Ганна считала, что сперва надо купить рубашку.
С этим я не мог не согласиться.
Ганна позвонила куда-то по телефону.
— Все в порядке, — говорит она, — мне дают институтскую машину, чтобы мы могли поехать в Коринф за ее вещами и за твоими тоже. Там ведь твои ботинки и куртка.
Ганна в роли администратора.
— Все в порядке, — говорит она, — такси сейчас будет.
Ганна ни секунды не сидит на месте, все время что-то делает, поговорить с ней невозможно. Она высыпает окурки из пепельницы, опускает жалюзи.
— Ганна, — спрашиваю я, — почему ты на меня не смотришь?
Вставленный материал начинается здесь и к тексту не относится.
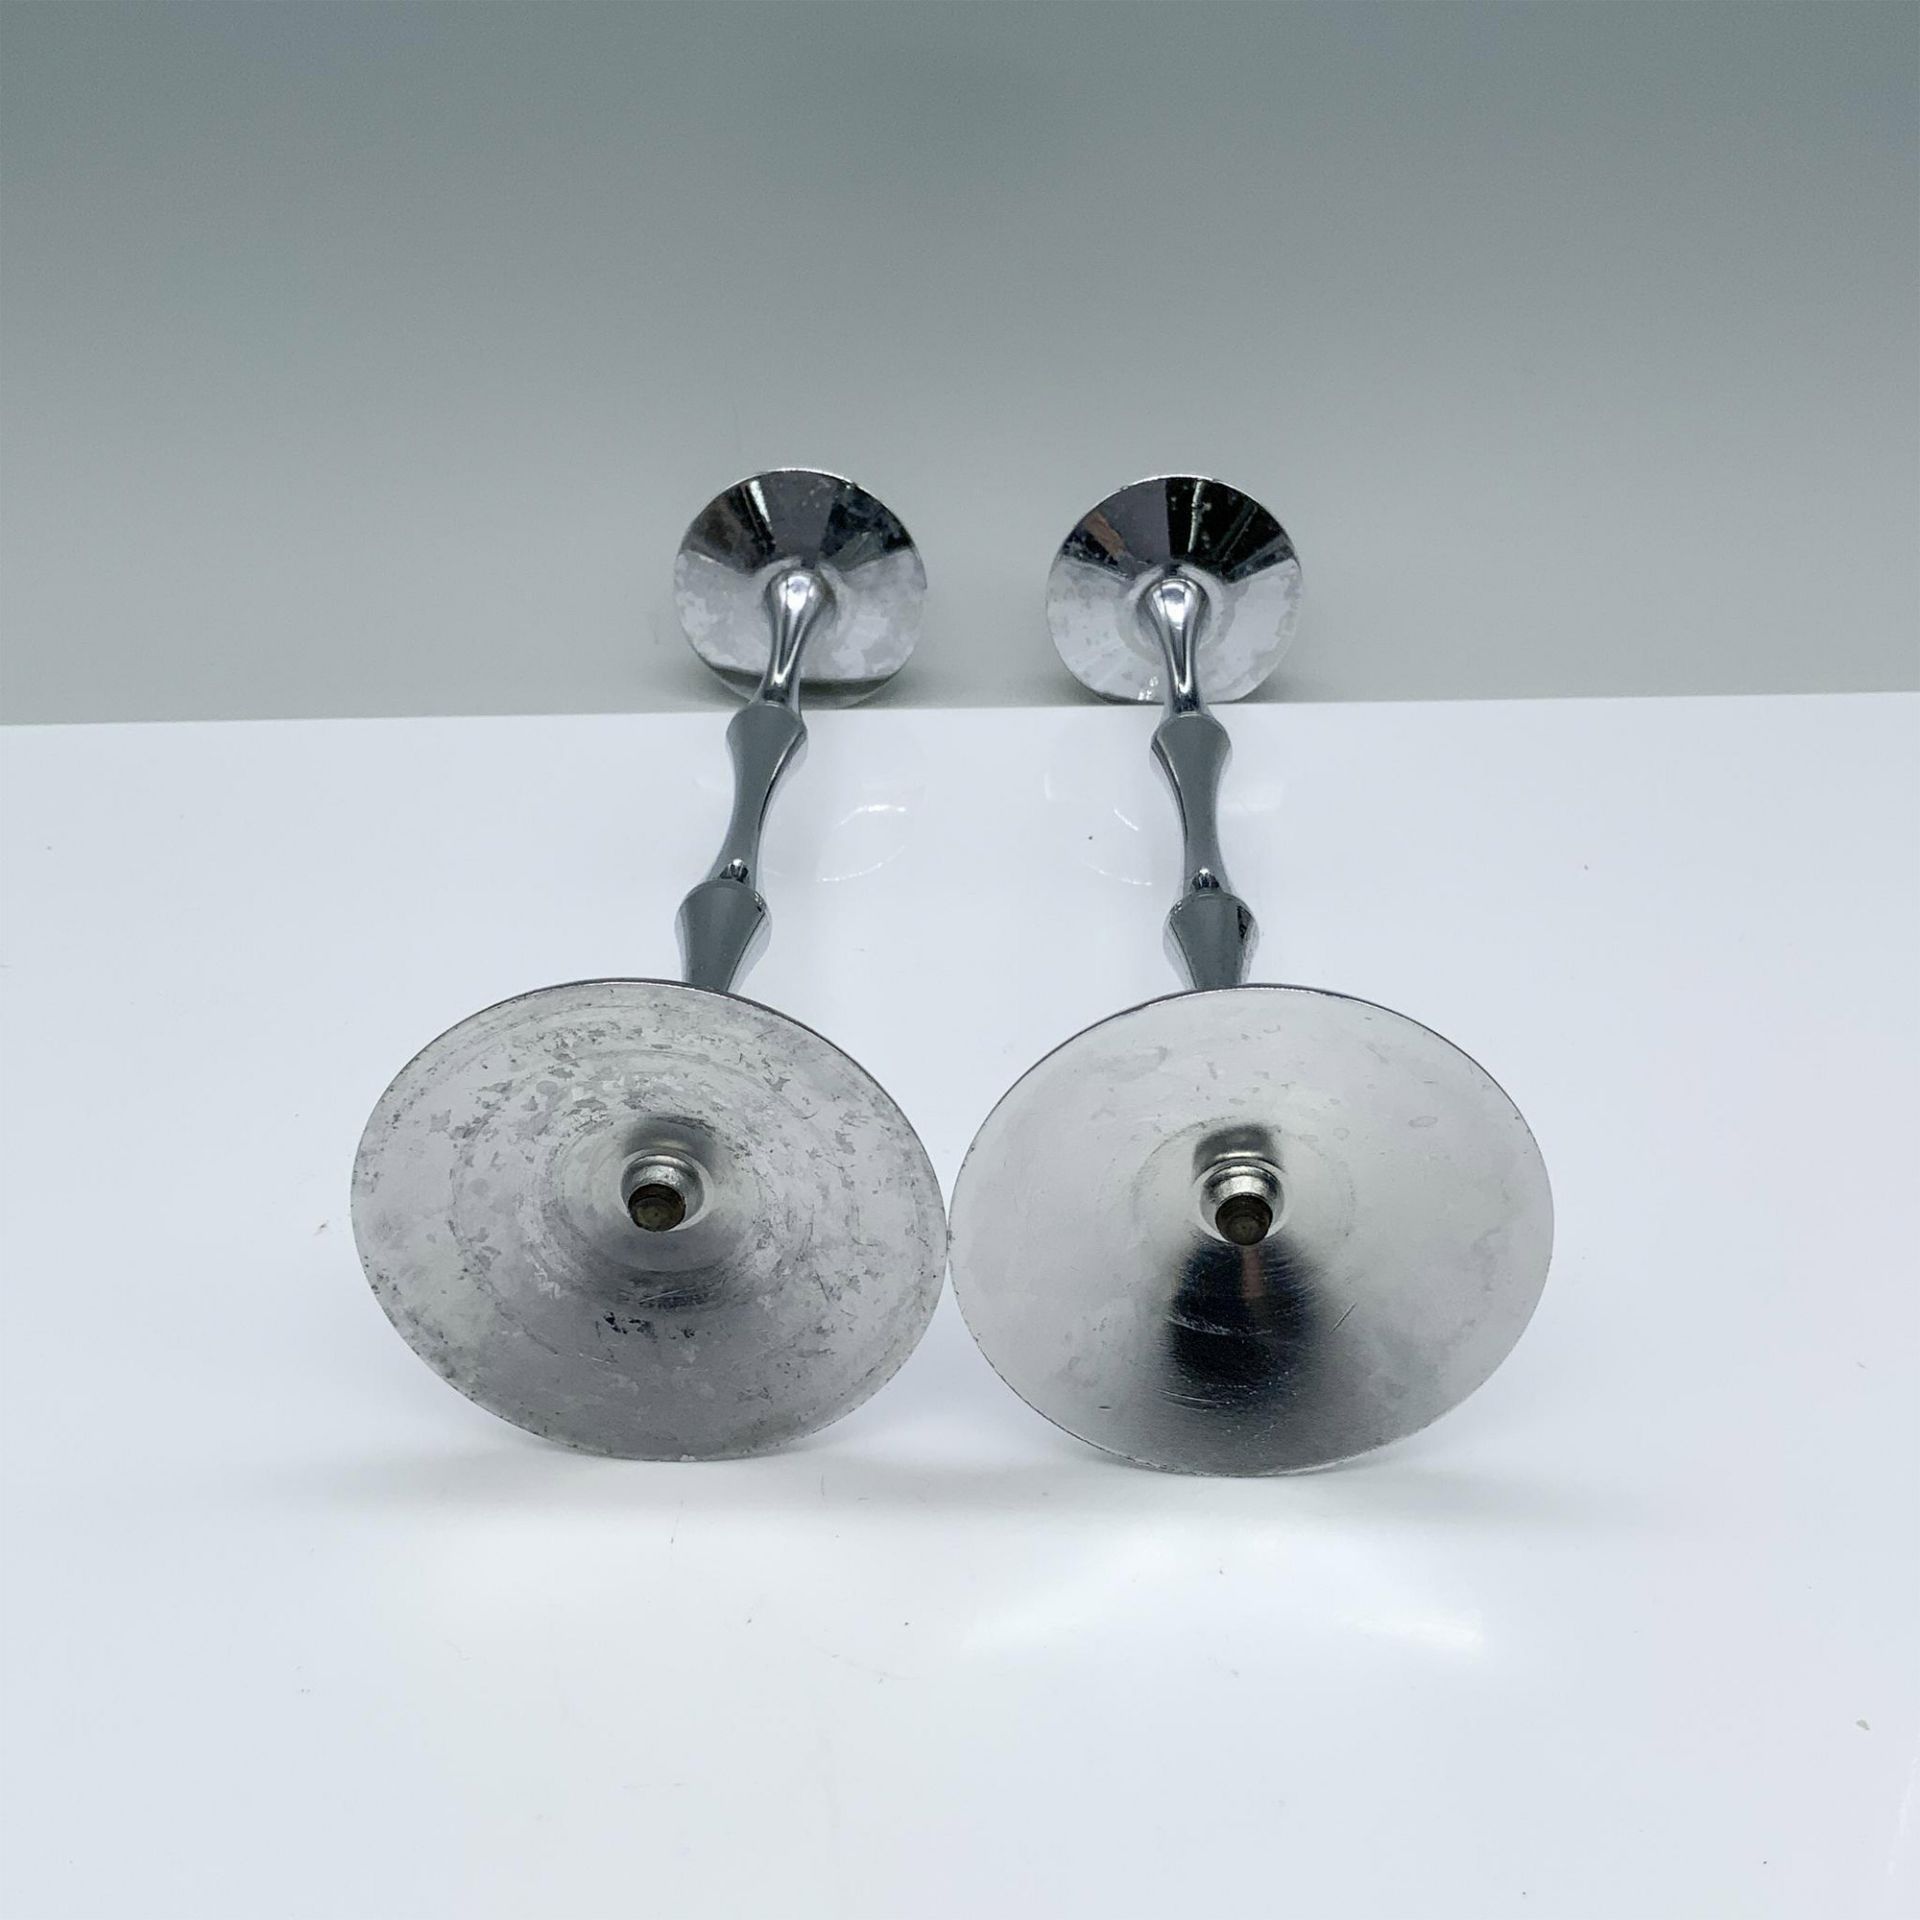 Pair of Vintage English Silver Metal Candlestick Holders - Image 2 of 4
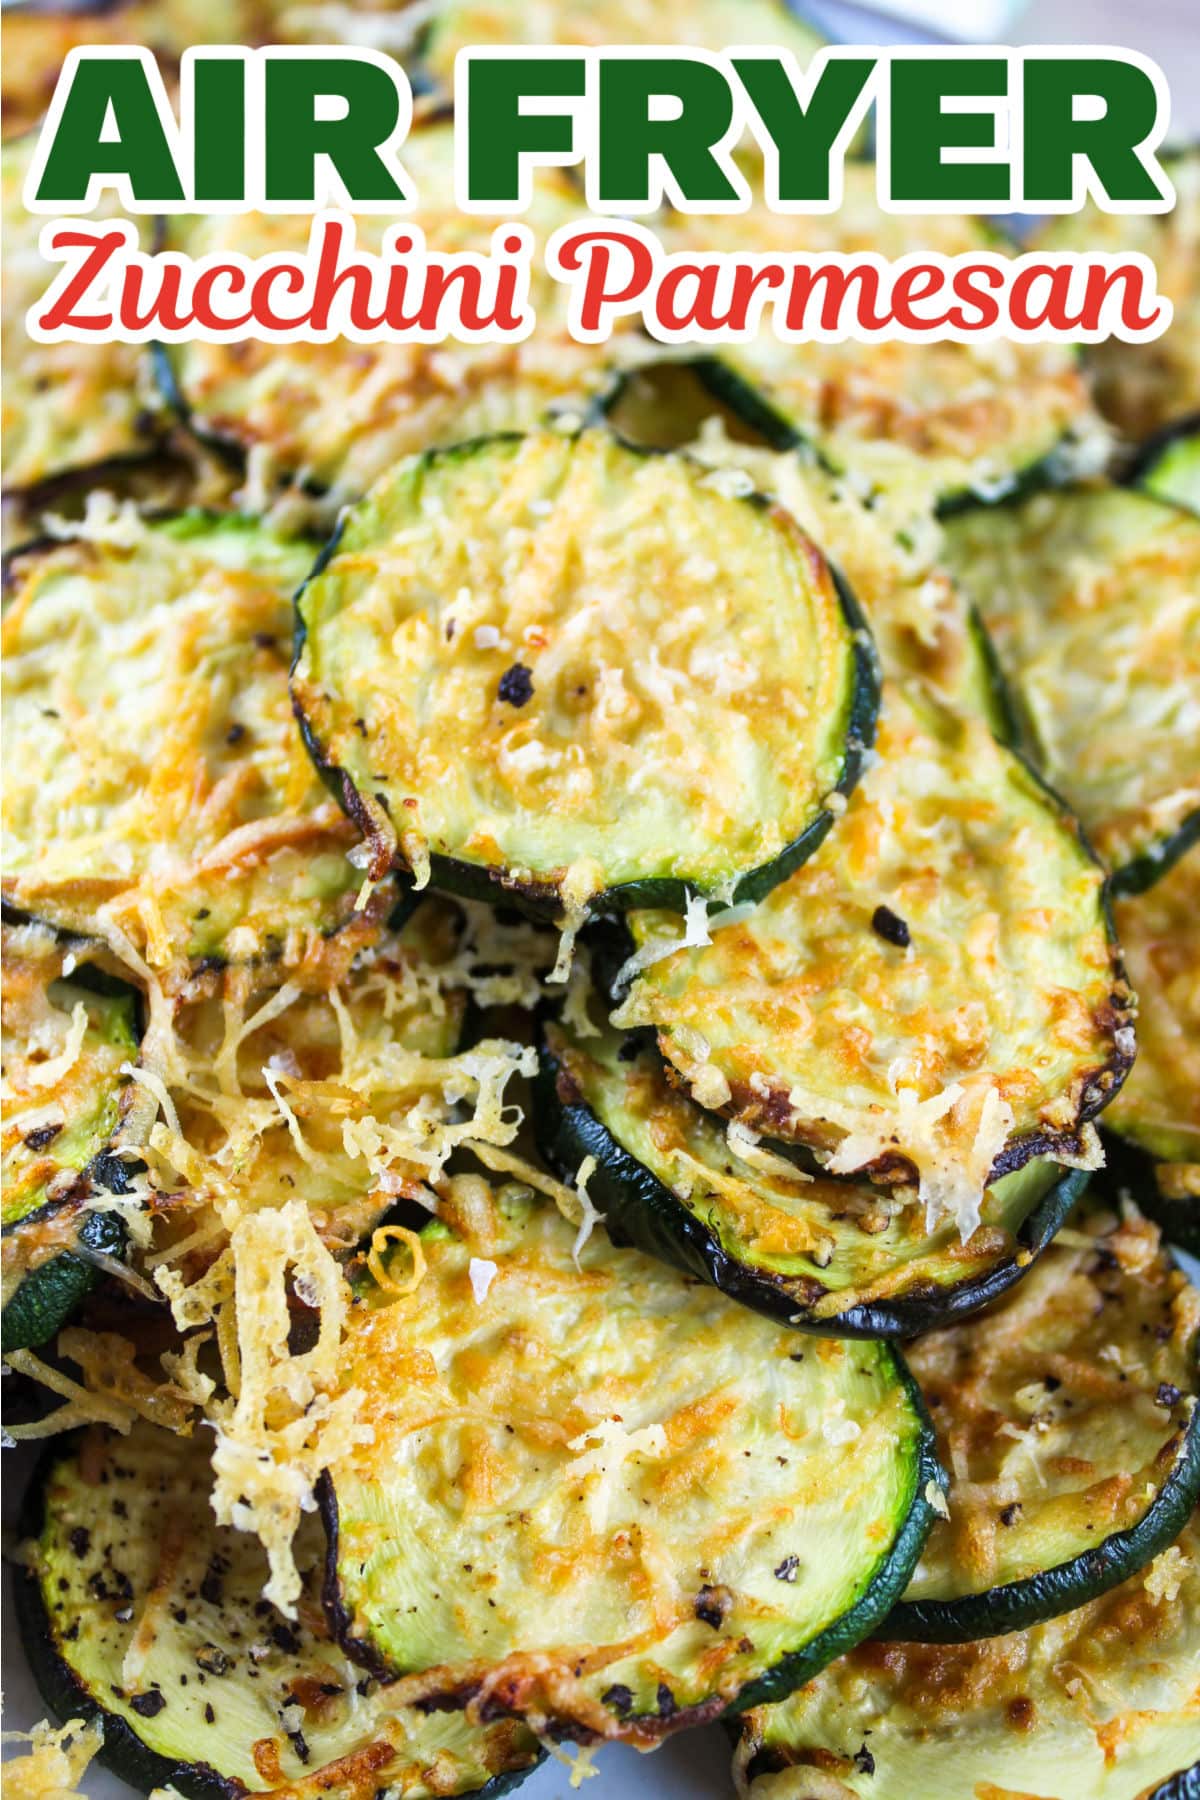 Air Fryer Zucchini Parmesan is a super quick (and guilt-free) side dish that changes zucchini from bland to delicious! These little zucchini crisps are crunchy, cheesy and zippy from a little brush of dijon mustard.  via @foodhussy

Быть может, она этого сама не замечала, но это было так: в то утро Ганна на меня совсем не глядела. Разве я был виноват, что все так случилось? Правда, Ганна ни в чем меня не упрекала, ни на что не жаловалась, только вытряхивала пепельницы — мы ведь вчера весь вечер курили.
Я не выдержал.
— Слушай, разве мы не можем поговорить как люди?
И взял ее за плечи.
— Слушай, — говорю я, — посмотри на меня!
Ее плечи — я испугался, когда прикоснулся к ним, — у́же и нежнее, чем у дочери, какие-то более хрупкие, трудно допустить, что Ганна стала меньше; ее глаза, еще более красивые, чем прежде, — мне хотелось, чтобы они глядели на меня.
— Вальтер, — сказала она, — ты мне делаешь больно.
Я говорил глупости, но молчать, по-моему, было еще ужаснее; я сжал в ладонях ее лицо. Чего я хотел? Я и не думал целовать Ганну. Почему она вырвалась? Понятия не имею, что я говорил. Я только видел ее глаза, в которых вспыхнул ужас, ее седые волосы, ее лоб, нос — какое благородство линий (или как это еще сказать); все очень женственное, благороднее, чем у дочери, ее дряблая черепашья кожа на шее, веер морщинок на висках, глаза, в которых нет усталости, а только ужас, глаза еще более красивые, чем прежде.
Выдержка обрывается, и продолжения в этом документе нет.